Task requirements:
Reproduce all of the listing below without alteration.

BEGIN

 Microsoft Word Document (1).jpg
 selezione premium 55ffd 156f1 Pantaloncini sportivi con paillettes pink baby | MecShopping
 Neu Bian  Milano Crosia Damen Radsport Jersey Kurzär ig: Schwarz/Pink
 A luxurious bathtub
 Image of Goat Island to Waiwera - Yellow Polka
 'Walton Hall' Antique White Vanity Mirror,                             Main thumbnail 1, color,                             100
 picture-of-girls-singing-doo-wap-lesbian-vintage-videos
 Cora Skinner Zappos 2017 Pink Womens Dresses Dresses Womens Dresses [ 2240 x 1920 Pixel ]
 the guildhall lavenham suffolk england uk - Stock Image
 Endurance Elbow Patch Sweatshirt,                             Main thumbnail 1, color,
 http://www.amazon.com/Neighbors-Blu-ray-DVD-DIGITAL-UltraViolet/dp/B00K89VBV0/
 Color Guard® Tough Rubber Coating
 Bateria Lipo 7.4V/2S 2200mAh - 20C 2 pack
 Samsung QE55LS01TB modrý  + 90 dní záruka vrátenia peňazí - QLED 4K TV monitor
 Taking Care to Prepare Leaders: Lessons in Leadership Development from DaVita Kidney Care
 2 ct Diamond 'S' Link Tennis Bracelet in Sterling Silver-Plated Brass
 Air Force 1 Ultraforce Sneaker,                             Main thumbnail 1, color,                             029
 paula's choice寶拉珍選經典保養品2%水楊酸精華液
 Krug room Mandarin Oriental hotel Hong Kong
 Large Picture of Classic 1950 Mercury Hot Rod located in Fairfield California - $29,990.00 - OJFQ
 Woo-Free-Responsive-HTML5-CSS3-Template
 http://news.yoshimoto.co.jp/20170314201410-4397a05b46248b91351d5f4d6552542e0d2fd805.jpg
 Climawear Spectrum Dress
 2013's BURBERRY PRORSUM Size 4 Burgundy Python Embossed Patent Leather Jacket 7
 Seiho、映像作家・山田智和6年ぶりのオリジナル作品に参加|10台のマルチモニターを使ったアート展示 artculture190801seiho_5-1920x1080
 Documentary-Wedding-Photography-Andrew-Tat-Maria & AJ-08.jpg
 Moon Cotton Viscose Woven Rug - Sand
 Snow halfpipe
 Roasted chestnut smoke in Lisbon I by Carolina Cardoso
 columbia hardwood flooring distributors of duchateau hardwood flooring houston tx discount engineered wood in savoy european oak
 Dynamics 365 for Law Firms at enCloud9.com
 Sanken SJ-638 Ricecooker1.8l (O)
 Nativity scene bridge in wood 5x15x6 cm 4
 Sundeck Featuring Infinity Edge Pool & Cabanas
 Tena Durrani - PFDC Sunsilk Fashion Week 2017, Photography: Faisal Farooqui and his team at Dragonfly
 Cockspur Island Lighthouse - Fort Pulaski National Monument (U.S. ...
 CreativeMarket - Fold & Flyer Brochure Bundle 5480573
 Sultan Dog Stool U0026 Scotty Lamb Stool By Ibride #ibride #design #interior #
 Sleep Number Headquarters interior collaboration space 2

END

Response:
 Microsoft Word Document (1).jpg
 selezione premium 55ffd 156f1 Pantaloncini sportivi con paillettes pink baby | MecShopping
 Neu Bian  Milano Crosia Damen Radsport Jersey Kurzär ig: Schwarz/Pink
 A luxurious bathtub
 Image of Goat Island to Waiwera - Yellow Polka
 'Walton Hall' Antique White Vanity Mirror,                             Main thumbnail 1, color,                             100
 picture-of-girls-singing-doo-wap-lesbian-vintage-videos
 Cora Skinner Zappos 2017 Pink Womens Dresses Dresses Womens Dresses [ 2240 x 1920 Pixel ]
 the guildhall lavenham suffolk england uk - Stock Image
 Endurance Elbow Patch Sweatshirt,                             Main thumbnail 1, color,
 http://www.amazon.com/Neighbors-Blu-ray-DVD-DIGITAL-UltraViolet/dp/B00K89VBV0/
 Color Guard® Tough Rubber Coating
 Bateria Lipo 7.4V/2S 2200mAh - 20C 2 pack
 Samsung QE55LS01TB modrý  + 90 dní záruka vrátenia peňazí - QLED 4K TV monitor
 Taking Care to Prepare Leaders: Lessons in Leadership Development from DaVita Kidney Care
 2 ct Diamond 'S' Link Tennis Bracelet in Sterling Silver-Plated Brass
 Air Force 1 Ultraforce Sneaker,                             Main thumbnail 1, color,                             029
 paula's choice寶拉珍選經典保養品2%水楊酸精華液
 Krug room Mandarin Oriental hotel Hong Kong
 Large Picture of Classic 1950 Mercury Hot Rod located in Fairfield California - $29,990.00 - OJFQ
 Woo-Free-Responsive-HTML5-CSS3-Template
 http://news.yoshimoto.co.jp/20170314201410-4397a05b46248b91351d5f4d6552542e0d2fd805.jpg
 Climawear Spectrum Dress
 2013's BURBERRY PRORSUM Size 4 Burgundy Python Embossed Patent Leather Jacket 7
 Seiho、映像作家・山田智和6年ぶりのオリジナル作品に参加|10台のマルチモニターを使ったアート展示 artculture190801seiho_5-1920x1080
 Documentary-Wedding-Photography-Andrew-Tat-Maria & AJ-08.jpg
 Moon Cotton Viscose Woven Rug - Sand
 Snow halfpipe
 Roasted chestnut smoke in Lisbon I by Carolina Cardoso
 columbia hardwood flooring distributors of duchateau hardwood flooring houston tx discount engineered wood in savoy european oak
 Dynamics 365 for Law Firms at enCloud9.com
 Sanken SJ-638 Ricecooker1.8l (O)
 Nativity scene bridge in wood 5x15x6 cm 4
 Sundeck Featuring Infinity Edge Pool & Cabanas
 Tena Durrani - PFDC Sunsilk Fashion Week 2017, Photography: Faisal Farooqui and his team at Dragonfly
 Cockspur Island Lighthouse - Fort Pulaski National Monument (U.S. ...
 CreativeMarket - Fold & Flyer Brochure Bundle 5480573
 Sultan Dog Stool U0026 Scotty Lamb Stool By Ibride #ibride #design #interior #
 Sleep Number Headquarters interior collaboration space 2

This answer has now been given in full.